Google Changing Adwords URL Structure
Well, it was a very fun day yesterday. It appears that Google has changed the URL structure of adwords links. For those people who collect Adwords data I'm sure you were as thrilled as I was when you saw that your script was searching 600 keywords per minute.
I was making changes to my server when it happened so I didn't immediately catch on, but after 2 cron runs not finding any ads I decided to investigate.
It appears that Google has decided to become a little more compliant and have added quotes around class declarations. They also changed the URL parameter from &adurl to the easy recognizable &q.
I've decided to release my rewritten function that will correctly match ads on the new URL structure. Please note that you'll have to add in a way to remove slashes if you're going to insert them into a database. (I've been fiddling around with that but it doesn't seem to be working). I should mention that this function is designed for http://google.com/sponsoredlinks?q=keyword. I haven't gotten around to fixing the natural search result functions yet. Enjoy.
Here is the working code:
<?php
function getSponsoredAds($str)
{
$spartstart = '<div id="tpa';
$spartend = '</div>';
$slinkstart = '<a id="pa';
$slinkend = '</a>';
$sdestlink = "&q=";
$scontentstart = '<font size="-1">';
$scontentend = '</font>';
$stxtcontentstart = '</span>';
$stxtcontentend = '</font>';
$sspanstart = '<span class="a">';
$sspanend = '</span>';
$ad = array();
$gad = array();
$desturl = array();
$dispurl = array();
$str = str_replace(array("\n","\r","\t","amp;"),array("","","",""),$str);
preg_match_all("|(".$spartstart."(.*)".$spartend.")|U",$str, $out);
for($x=0;$x<count($out[1]);$x++)
{
preg_match_all("|(".$slinkstart."(.*)".$slinkend.")|U",$out[1][$x], $out_1);
//var_dump($out_1);
preg_match_all("|<[aA].+[hH][rR][eE][fF]=.+&q=([^[>\s'\"]+)[\'\" >]|U",$out_1[1][0],$link, PREG_PATTERN_ORDER);
if (!isset($link[1][0]) || $link[1][0] == "")

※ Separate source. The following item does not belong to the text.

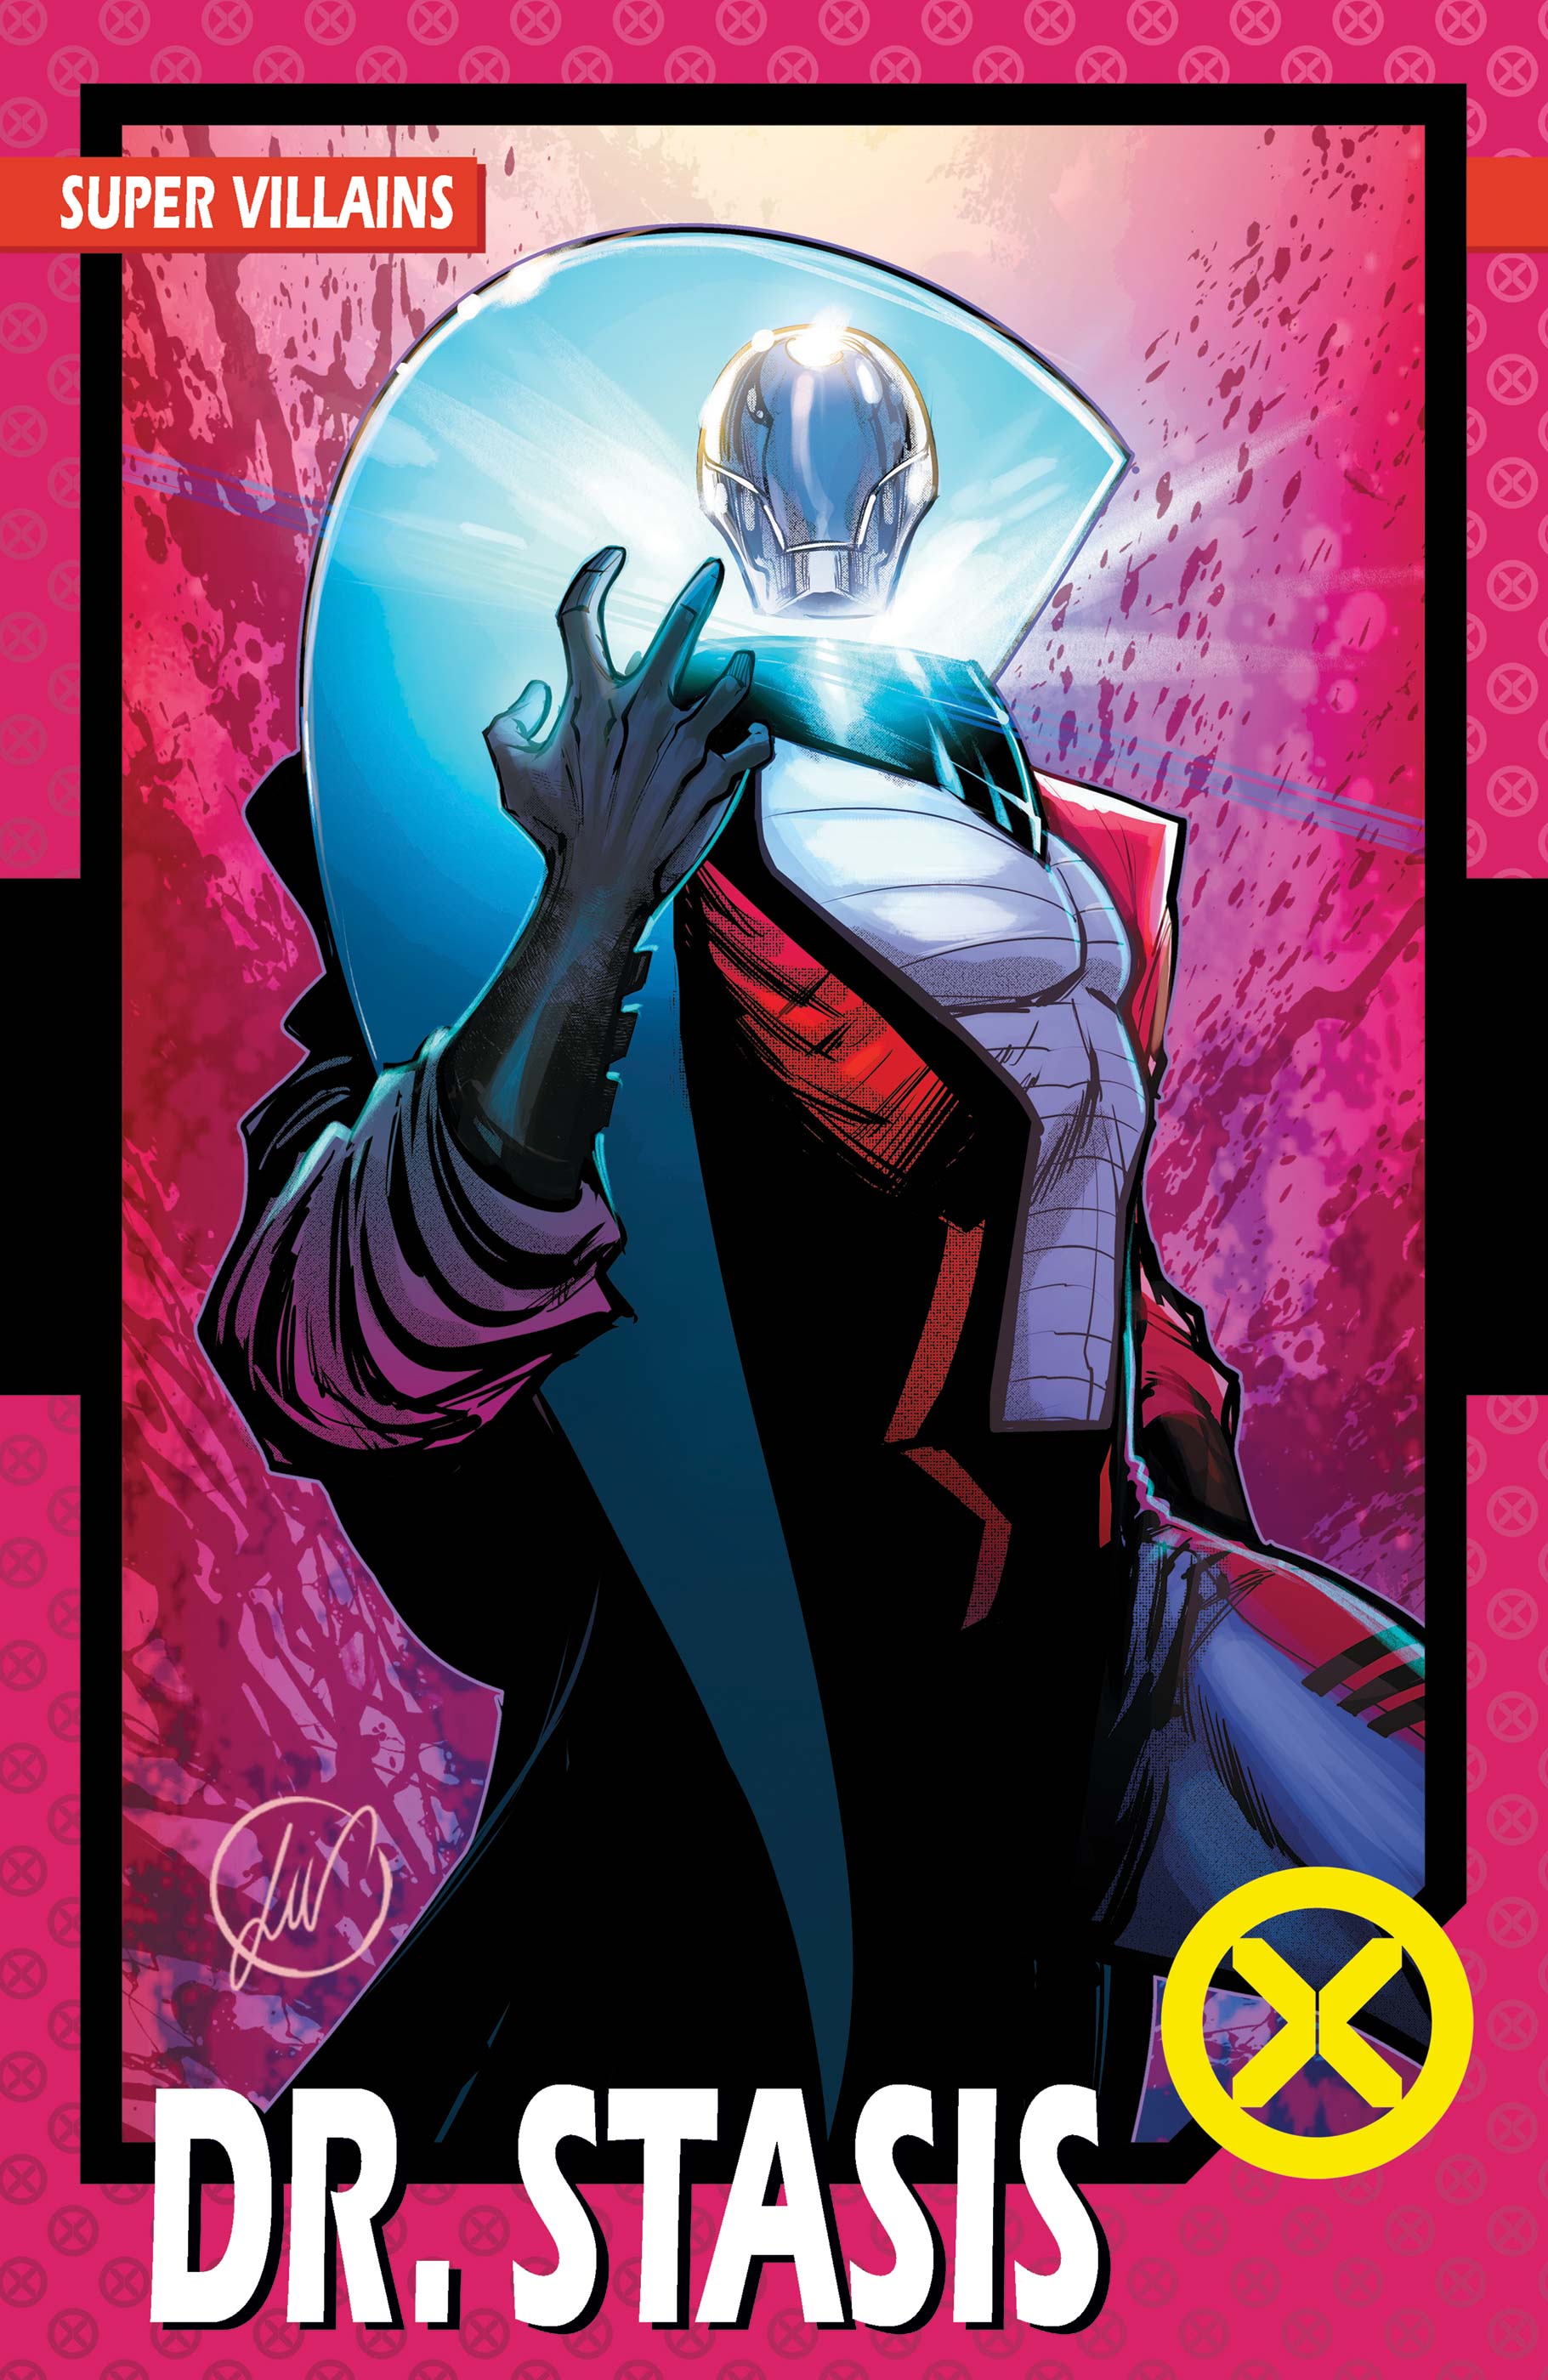 X-Men (2021) #10 (Variant)
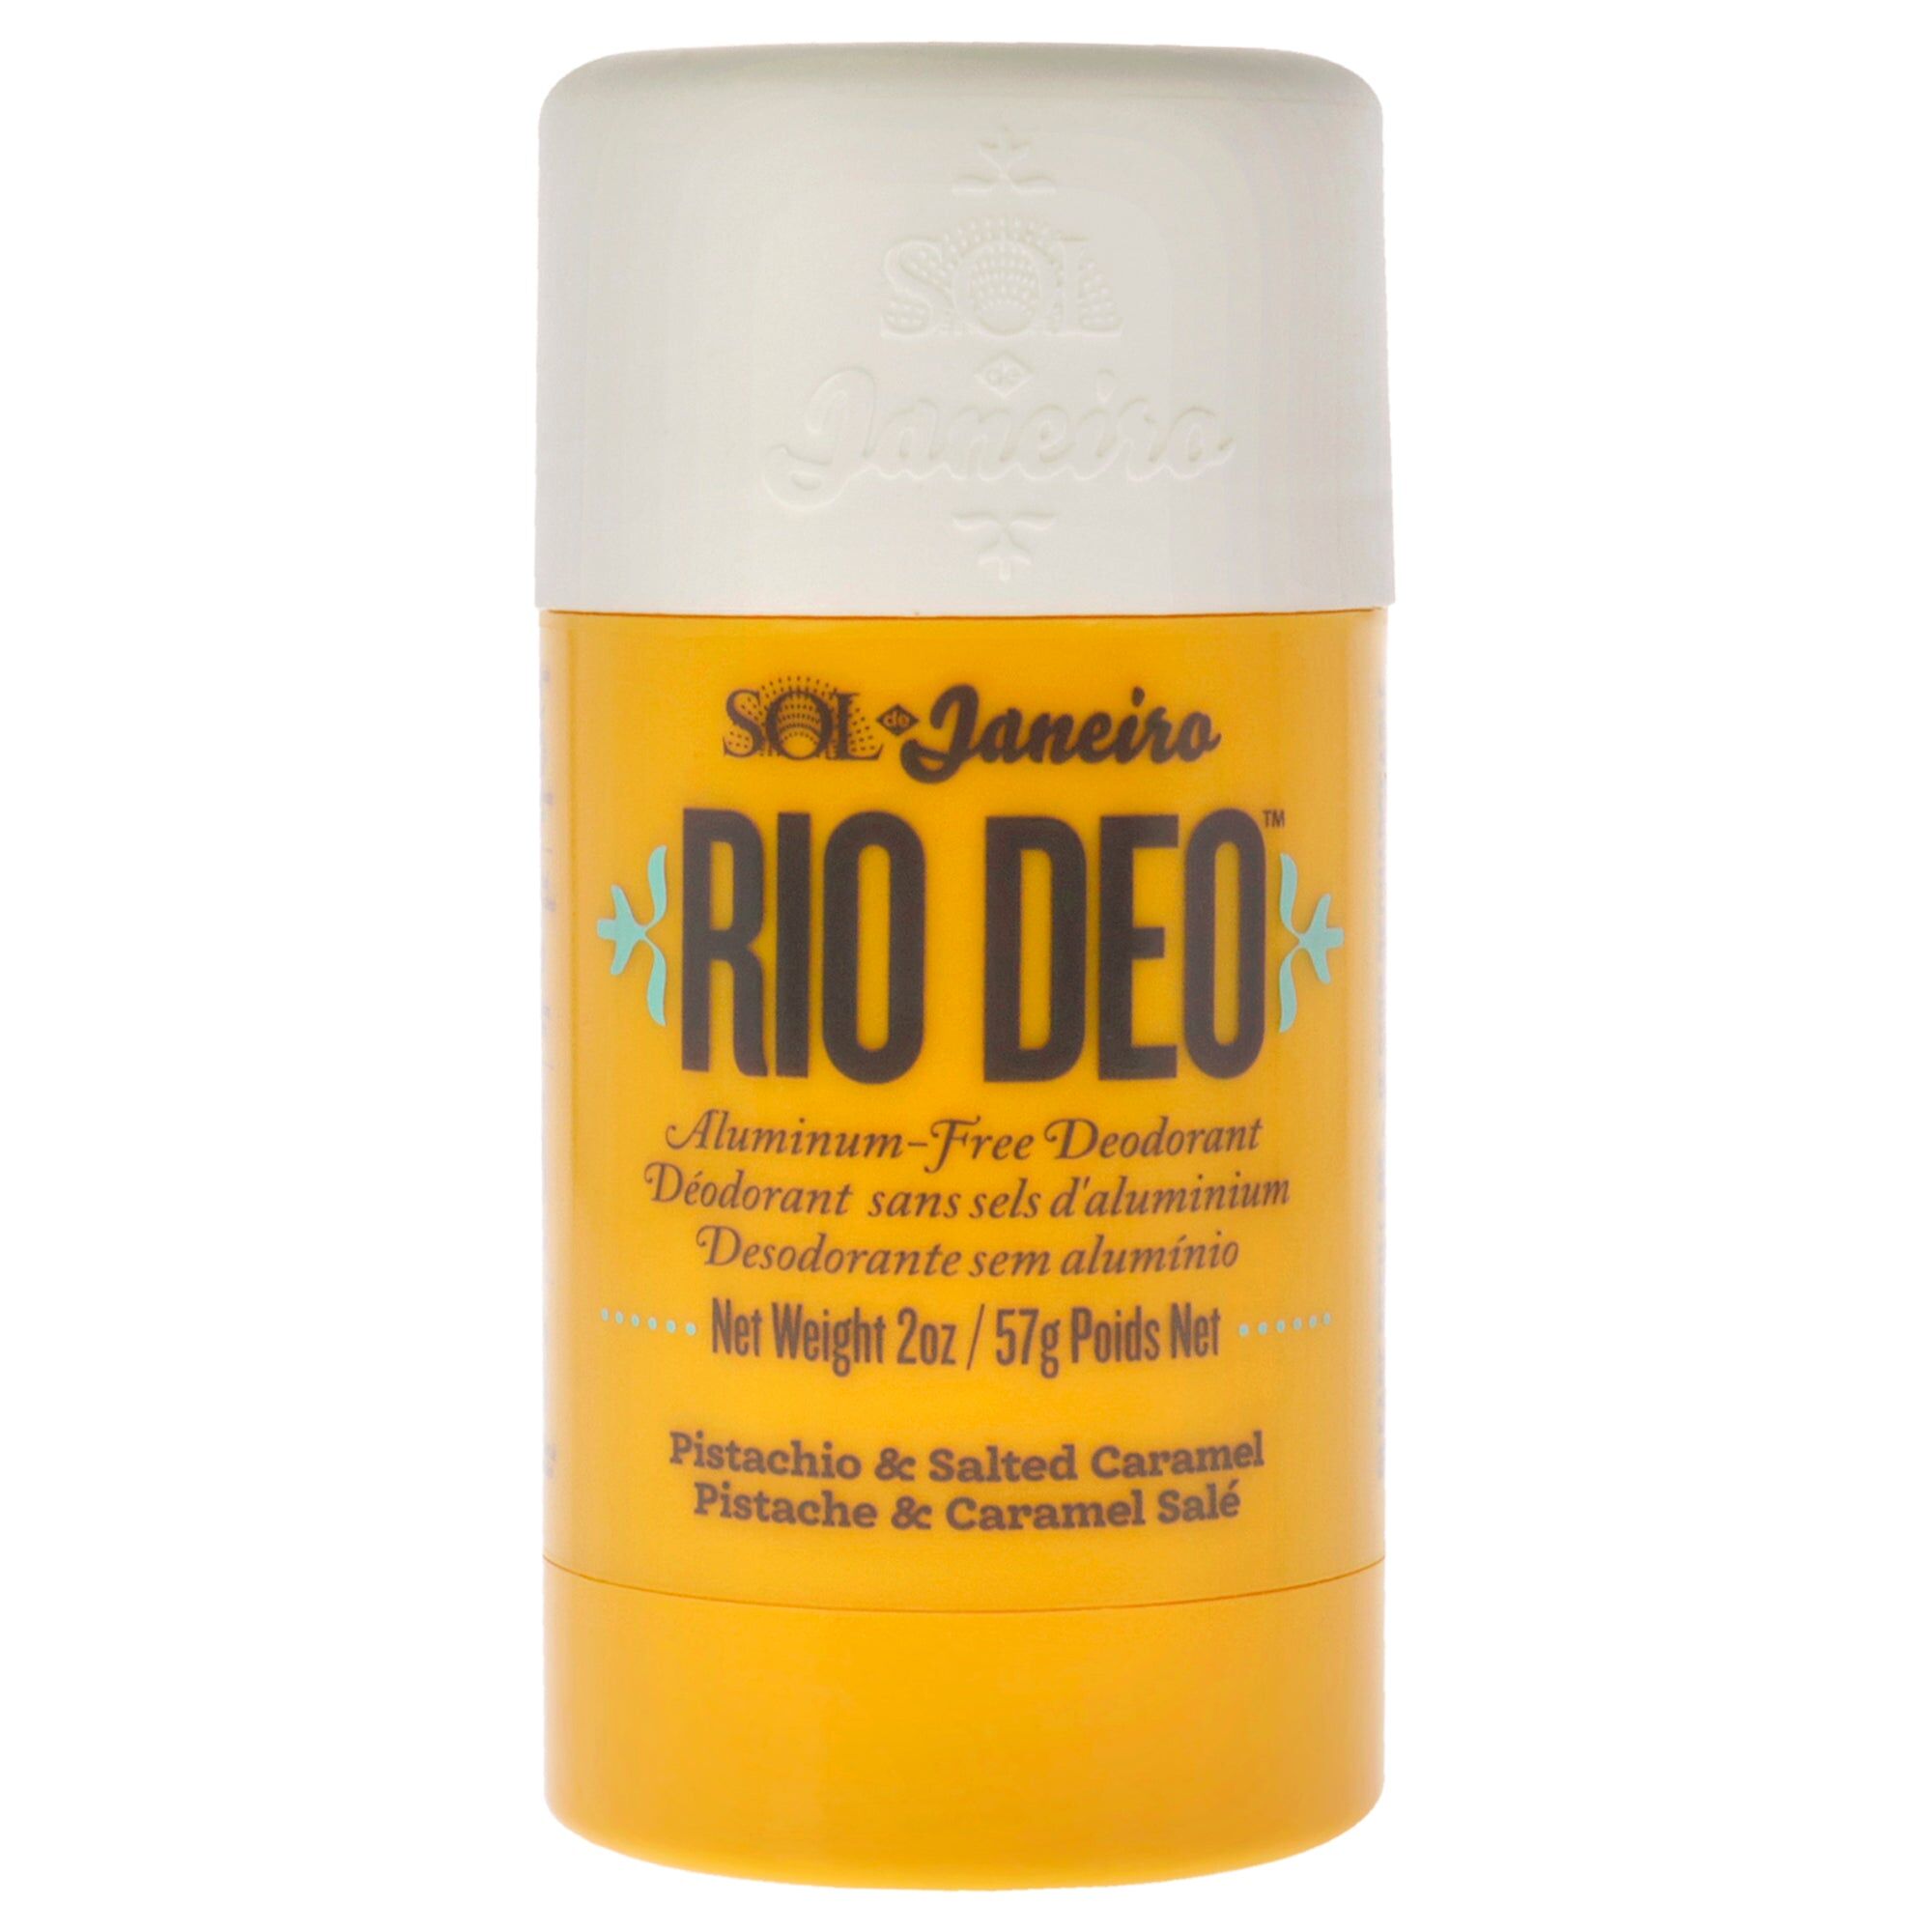 Rio Deo Aluminum-Free Deodorant - Pistachio and Salted Caramel by Sol de Janeiro for Unisex - 2 oz Deodorant Stick 2.0 oz unisex

preg_match_all("|<[aA].+[hH][rR][eE][fF]=.+&q=([^[>\s'\"]+)[\'\" >]|U",$out_1[1][0],$link, PREG_PATTERN_ORDER);
preg_match_all("|<[aA].+>(.+)</[aA]>|U",$out_1[1][0],$linktext, PREG_PATTERN_ORDER);
if (isset($link[1][0]) && $link[1][0] != "")
$ad["desturl"] = urldecode($link[1][0]);
else
{
$ad["desturl"] = "No URL";
}
$ad["subject"] = $linktext[1][0];
preg_match_all("|(".$scontentstart."(.*)".$scontentend.")|U",$out[1][$x], $out_1);
preg_match_all("|(".$stxtcontentstart."(.*)".$stxtcontentend.")|U",$out_1[1][0], $out_1);
$ad["body"] = $out_1[1][0];
preg_match_all("|(".$sspanstart."(.*)".$sspanend.")|U",$out[1][$x], $out_1);
$ad["dispurl"] = strip_tags(html_entity_decode($out_1[2][0]));
$ad["subject"] = strip_tags(html_entity_decode($ad["subject"]));
$ad["body"] = preg_replace("(<[bB][rR]([ ]+)?(/)?(remove this and brackets)>)", " ", $ad["body"]);
$ad["body"] = strip_tags(html_entity_decode($ad["body"]));
if ($ad["desturl"] != "")
{
$usgcode = strpos($ad["desturl"],"&usg=");
if ($usgcode !== false)
{
$ad["desturl"] = substr($ad["desturl"],0,$usgcode);
}
}
$gad[] = $ad;
}
return $gad;
}
?>